Task directions :: In the listing below, find every line with the string "Lagerfeld" and pull it out.

Data for analysis ::
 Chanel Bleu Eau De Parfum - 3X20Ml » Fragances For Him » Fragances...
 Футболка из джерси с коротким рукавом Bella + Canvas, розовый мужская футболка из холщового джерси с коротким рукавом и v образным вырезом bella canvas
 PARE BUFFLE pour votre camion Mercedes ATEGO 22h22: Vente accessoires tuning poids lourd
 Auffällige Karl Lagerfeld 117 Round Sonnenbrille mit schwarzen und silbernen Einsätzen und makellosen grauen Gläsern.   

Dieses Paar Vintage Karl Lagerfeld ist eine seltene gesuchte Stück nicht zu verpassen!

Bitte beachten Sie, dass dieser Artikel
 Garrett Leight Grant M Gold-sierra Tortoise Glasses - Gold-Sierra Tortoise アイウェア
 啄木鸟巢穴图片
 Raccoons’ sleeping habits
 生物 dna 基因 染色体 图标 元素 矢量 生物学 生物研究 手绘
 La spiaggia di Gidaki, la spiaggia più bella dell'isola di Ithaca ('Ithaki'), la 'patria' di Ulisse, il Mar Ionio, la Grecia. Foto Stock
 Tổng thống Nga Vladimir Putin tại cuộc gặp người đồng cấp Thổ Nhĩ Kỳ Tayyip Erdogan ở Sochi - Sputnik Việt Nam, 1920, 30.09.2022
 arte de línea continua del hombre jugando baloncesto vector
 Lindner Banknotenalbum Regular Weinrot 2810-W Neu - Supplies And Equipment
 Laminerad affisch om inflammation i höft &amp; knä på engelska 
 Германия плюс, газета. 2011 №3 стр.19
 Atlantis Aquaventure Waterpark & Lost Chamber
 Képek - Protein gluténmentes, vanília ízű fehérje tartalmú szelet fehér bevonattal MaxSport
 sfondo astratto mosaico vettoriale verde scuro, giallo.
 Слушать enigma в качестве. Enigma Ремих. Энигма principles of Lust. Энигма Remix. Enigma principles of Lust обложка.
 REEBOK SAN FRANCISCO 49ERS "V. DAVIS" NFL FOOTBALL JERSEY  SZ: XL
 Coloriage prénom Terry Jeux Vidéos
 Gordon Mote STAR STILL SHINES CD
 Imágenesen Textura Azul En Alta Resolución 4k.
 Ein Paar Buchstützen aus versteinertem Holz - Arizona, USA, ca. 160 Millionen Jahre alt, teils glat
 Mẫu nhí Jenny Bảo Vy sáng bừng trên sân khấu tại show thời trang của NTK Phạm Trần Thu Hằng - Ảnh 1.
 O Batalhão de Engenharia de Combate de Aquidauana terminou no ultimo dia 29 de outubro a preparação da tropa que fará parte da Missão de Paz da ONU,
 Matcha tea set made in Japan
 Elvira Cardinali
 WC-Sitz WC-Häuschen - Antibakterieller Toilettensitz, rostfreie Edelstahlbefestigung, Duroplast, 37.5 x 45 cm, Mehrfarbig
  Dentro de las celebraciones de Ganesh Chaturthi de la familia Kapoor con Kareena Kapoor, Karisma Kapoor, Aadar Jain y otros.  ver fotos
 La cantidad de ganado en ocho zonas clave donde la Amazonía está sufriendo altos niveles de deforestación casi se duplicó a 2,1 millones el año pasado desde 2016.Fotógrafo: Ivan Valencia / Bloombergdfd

Exercise answer ::
 Auffällige Karl Lagerfeld 117 Round Sonnenbrille mit schwarzen und silbernen Einsätzen und makellosen grauen Gläsern.   
Dieses Paar Vintage Karl Lagerfeld ist eine seltene gesuchte Stück nicht zu verpassen!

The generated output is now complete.